In the pre 2.4 versions of TF, I allocated the space for my string tensor with TF_AllocateTensor with size (8 bytes + TF_StringEncodedSize). Then I encoded the actual string with TF_StringEncode directly to the right place in the Tensor (offset 8 bytes). This also worked with an array of strings playing cleverly the offset.
Since 2.4 the two above string functions are not available.
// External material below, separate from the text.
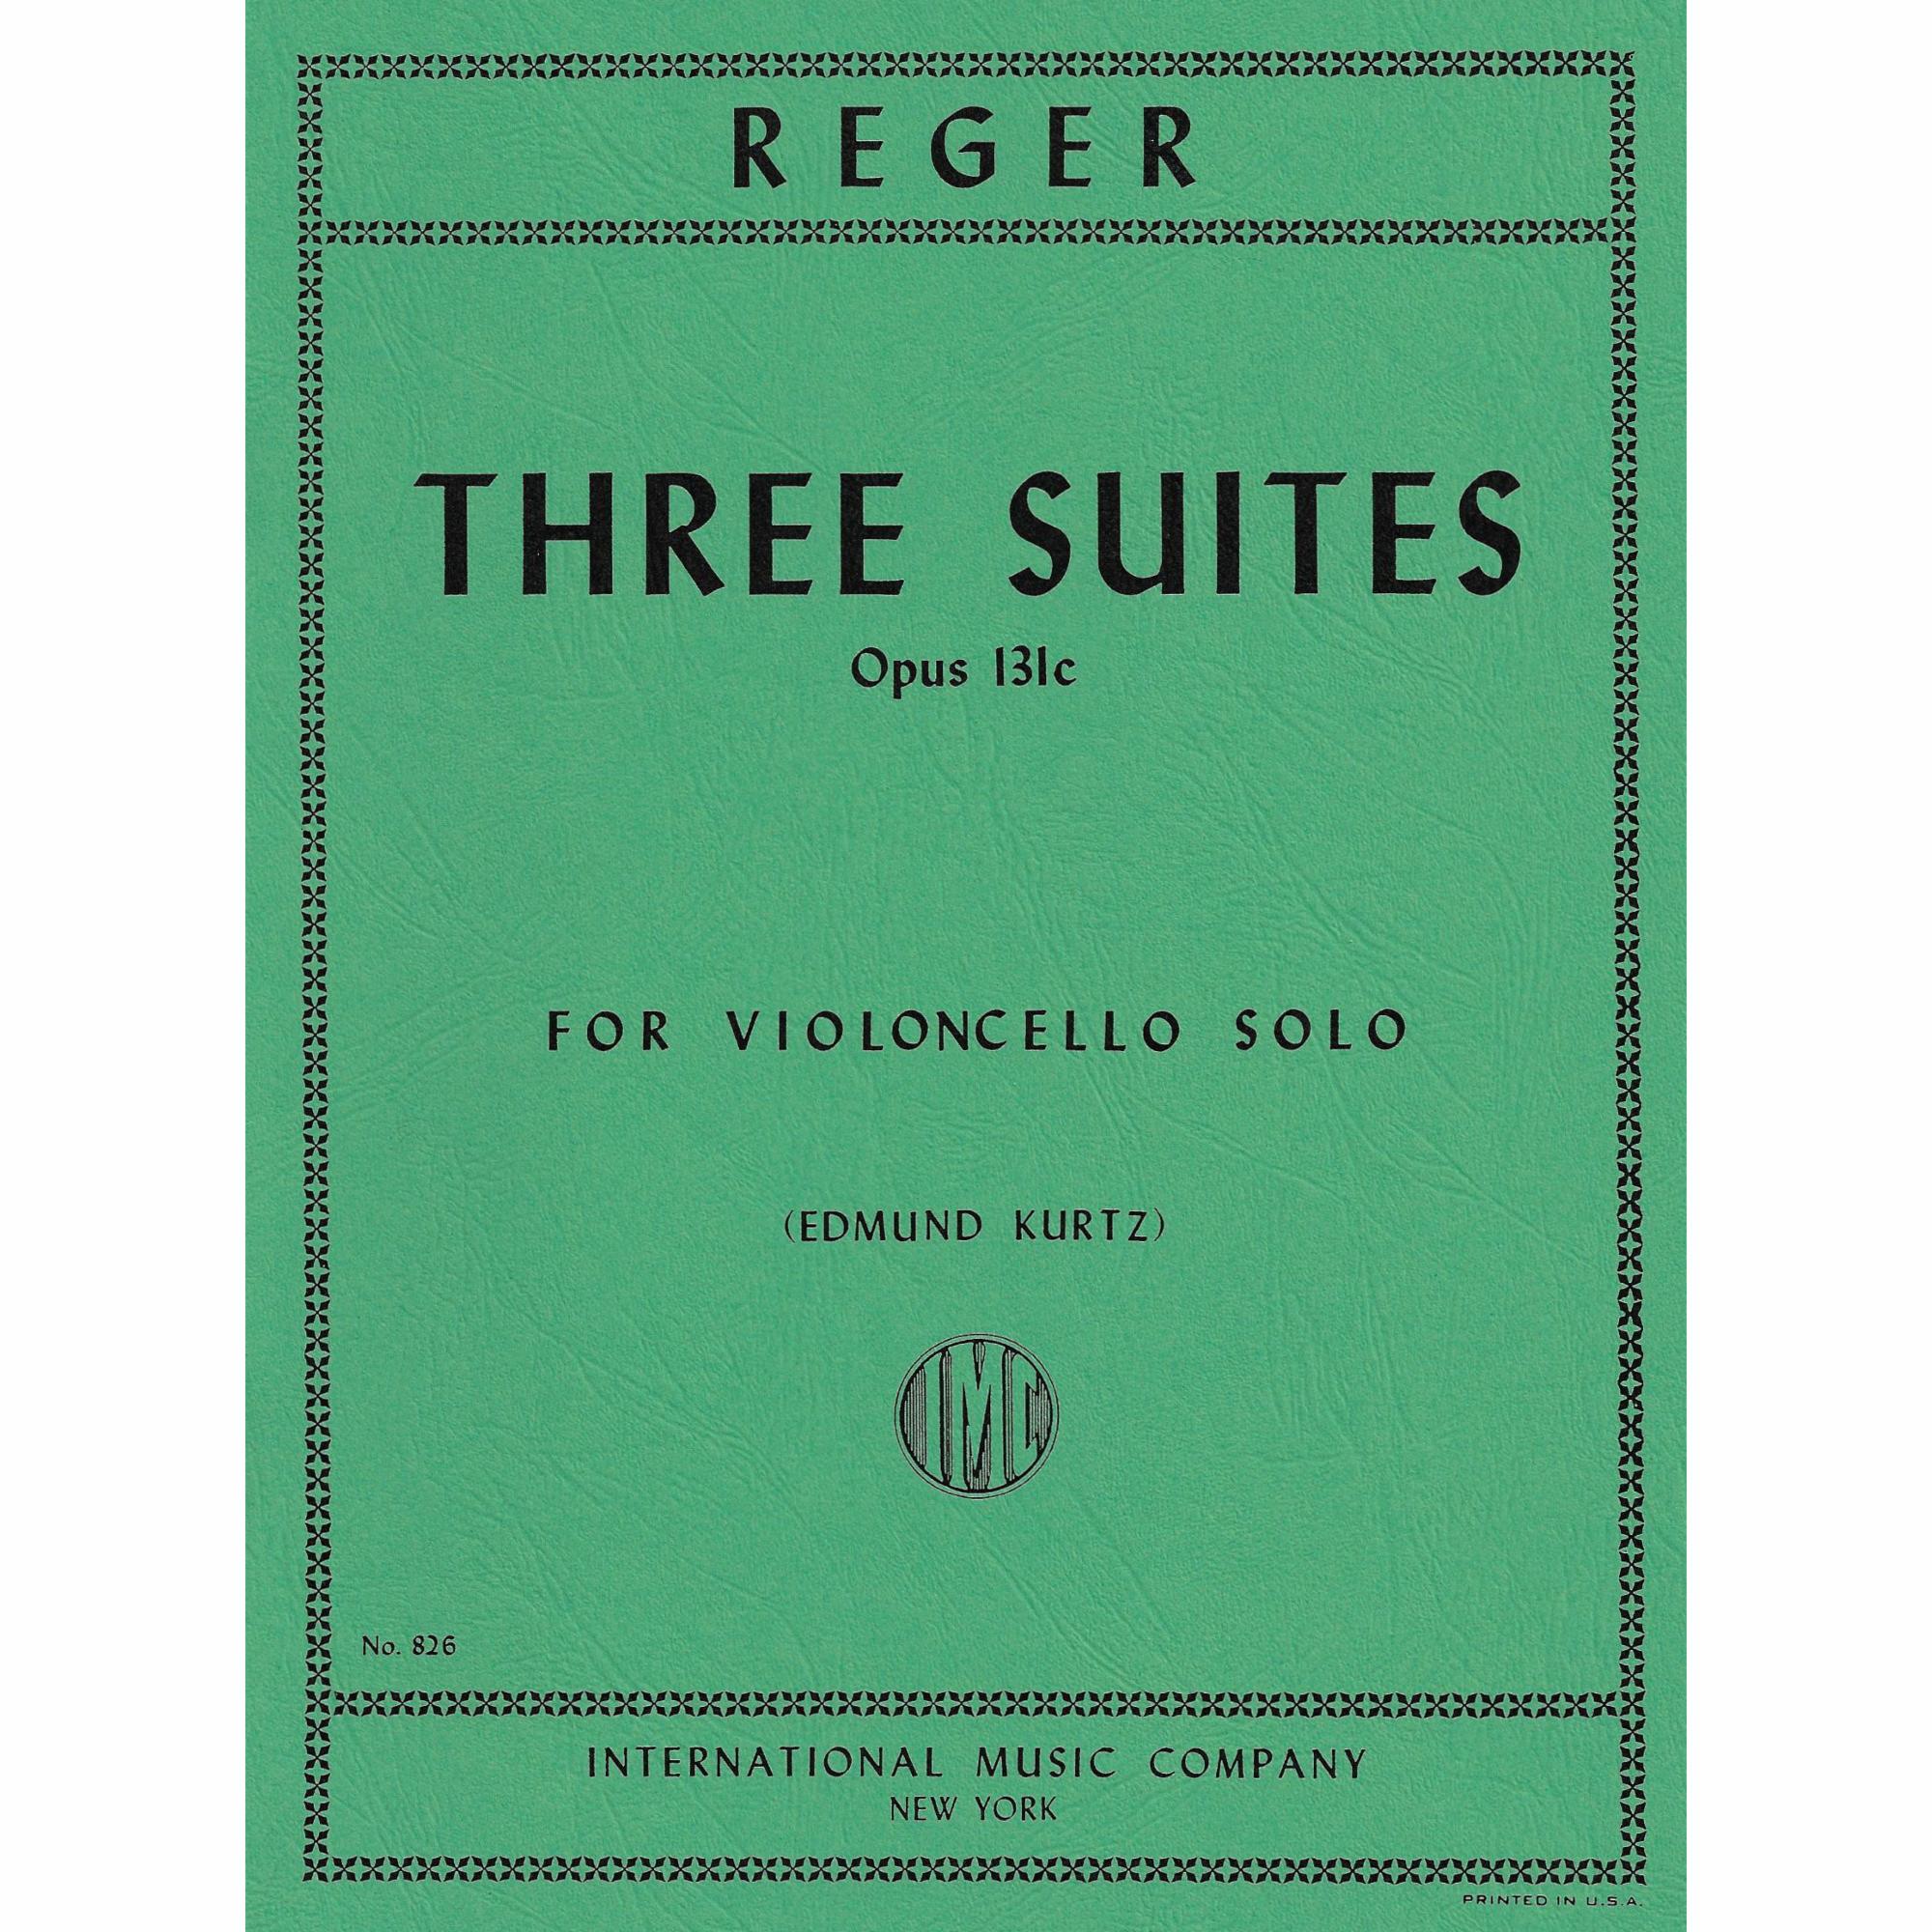 Reger -- Three Suites, Op. 131c for Solo Cello

Can somebody give me a small hint how to do it now? What did actually StringEncode do? Shall I do something similar manually or there is another solution?
Thanks,
Zsolt
Btw. I am using Pascal, but through the c API (c_api.h and related ones)
I have just found the same question from last August: http://discuss.ai.google.dev/t/wrap-string-into-tensor-in-tensorflow-c-api-v2-4/11468
Unfortunately there is no answer there.
I think I finally solved it. The trick is that one cell of a tensor is 24 bytes (size of TF_Tstring structure). When a String type tensor is to be made, a tensor has to be created as TF_String type and allocate a memory of 24 * number of cells. Then in every cell the result (dst) of the TF_StringCopy has to be copied. If the string is less or equal than 22 bytes, it is placed into the 24 bytes cell, if longer than it takes care of the heap allocation and referencing. No need to do more.
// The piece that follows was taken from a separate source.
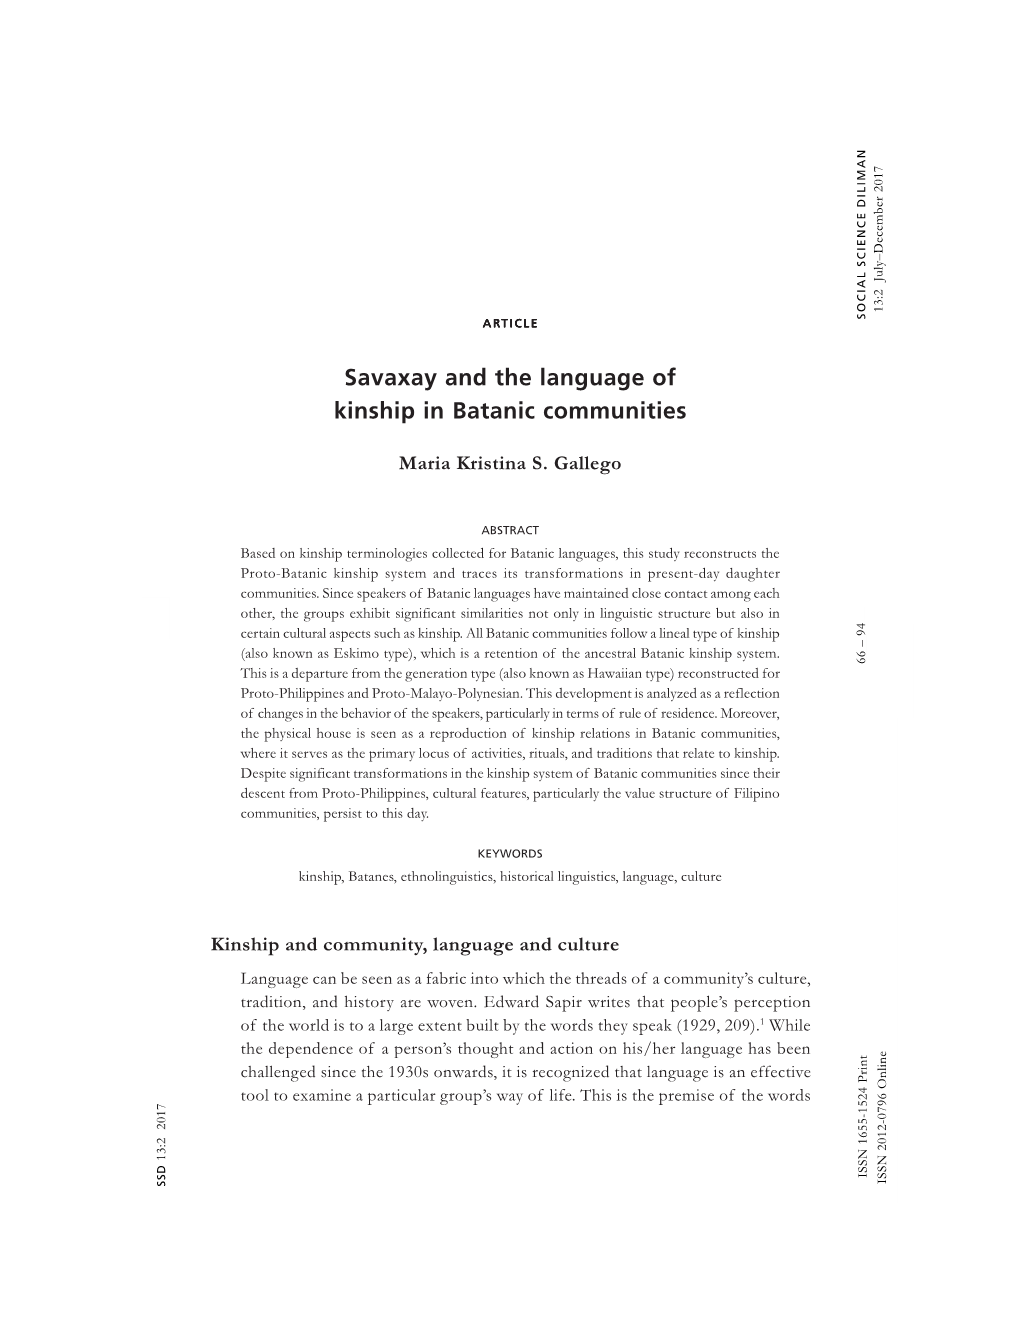 Savaxay and the Language of Kinship in Batanic Communities

Once a Tensor is deleted it frees up the Heap as well if used.
If I misunderstood something, please let me know.
For anyone that might have stumbled upon this via a google search, creating the string tensor will look something like this
const char embedding[] = "The quick brown fox jumps over the lazy dog.";
TF_TString tstring[1];
TF_TString_Init(&tstring[0]);
TF_TString_Copy(&tstring[0], embedding, sizeof(embedding) - 1);
int64_t dims[] = {1,1};
int num_dims = 1;
TF_Tensor* input_tensor = TF_NewTensor(TF_STRING, dims, num_dims, &tstring[0], sizeof(tstring), &Deallocator, nullptr);
Can you give a code example?
I am trying to make an Octave interface to tensorflow though OCT files in C++ and the C API from tensorflow, but I cannot find a way to add multiple strings (from an Octave cellstr array) to a single tensor. I can load a single TF_TString into a TF_Tensor, but not multiple ones. The following code works properly from within an oct file. Note: the args
variable is an octave_value_list
parsed into the oct file and the second argument in that list is the character vector.
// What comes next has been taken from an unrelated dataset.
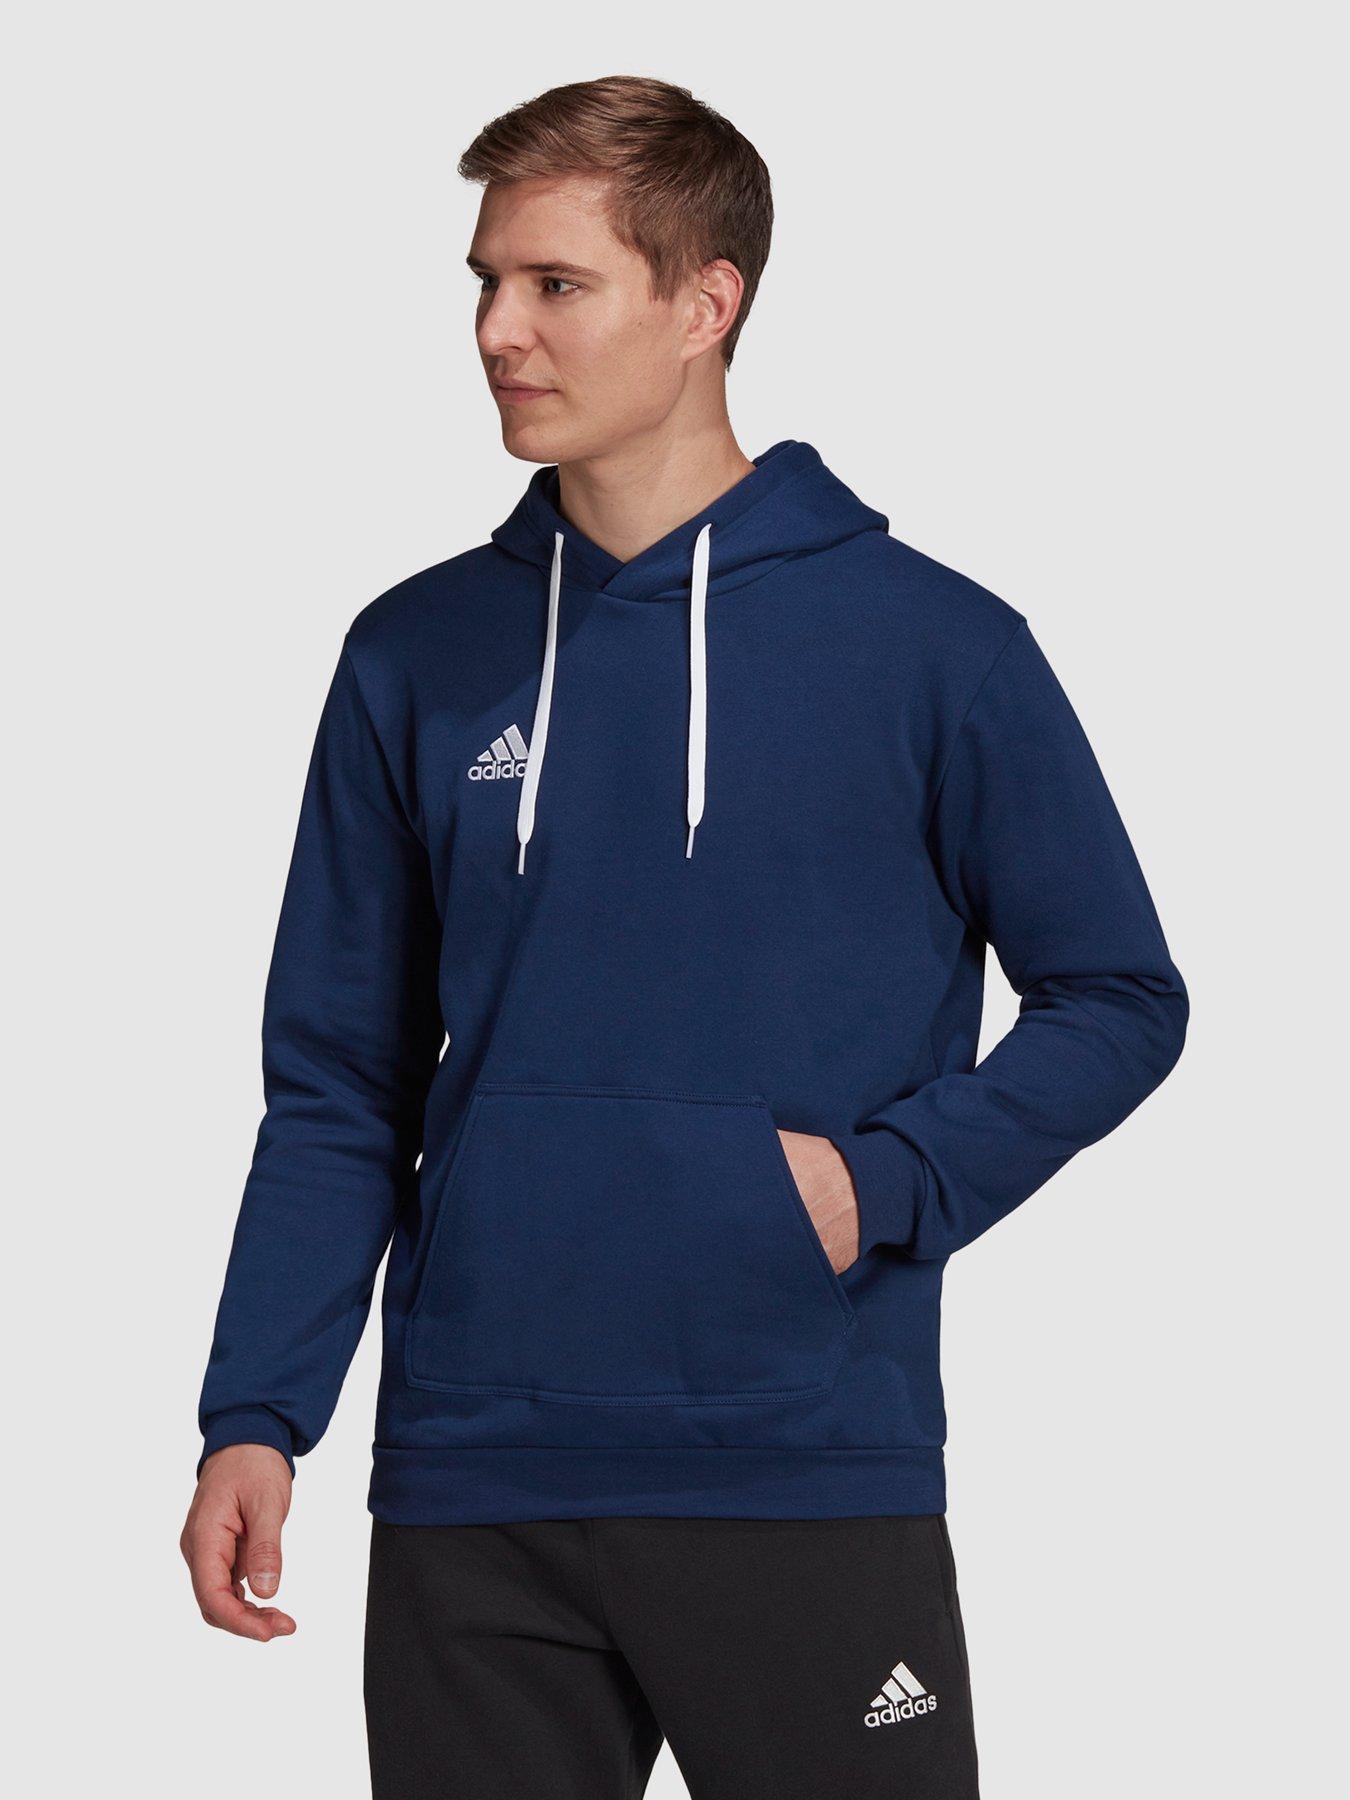 Hoodies | Adidas | Ireland | | sweatshirts Men Hoodies & Very

else if (args(1).is_char_matrix ())
{
if (! rowvec)
{
error ("tensorflow: only a character vector can be loaded into Tensor. "
"For multiple rows of characters use a cellstr array.");
}
string oct_data = args(1).string_value ();
const char* oct_str = oct_data.c_str ();
size_t str_len = strlen (oct_str);
TF_TString* tstring = reinterpret_cast<TF_TString *> (malloc (str_len));
TF_StringInit (tstring);
TF_StringCopy (tstring, oct_str, str_len);
int64_t dims[] = {1};
int ndims = 1;
newTensor = TF_NewTensor (TF_STRING, dims, ndims, tstring,
str_len, &NoOpDeallocator, 0);
}
I did not deal with this question for a while, and what I did was a Pascal wrapper around the C interface, so I am not sure I can help a lot. What I remember that when TF changed from 1.5 to 2.x, the string handling changed and I had to rewrite the interface. If you look at my unit under tensorflowforpascal/units/tf_tensors.pas at master · zsoltszakaly/tensorflowforpascal · GitHub, there you find three subroutines, all called CreateTensorString. For arrays check from line 442.
I hope you find something useful there.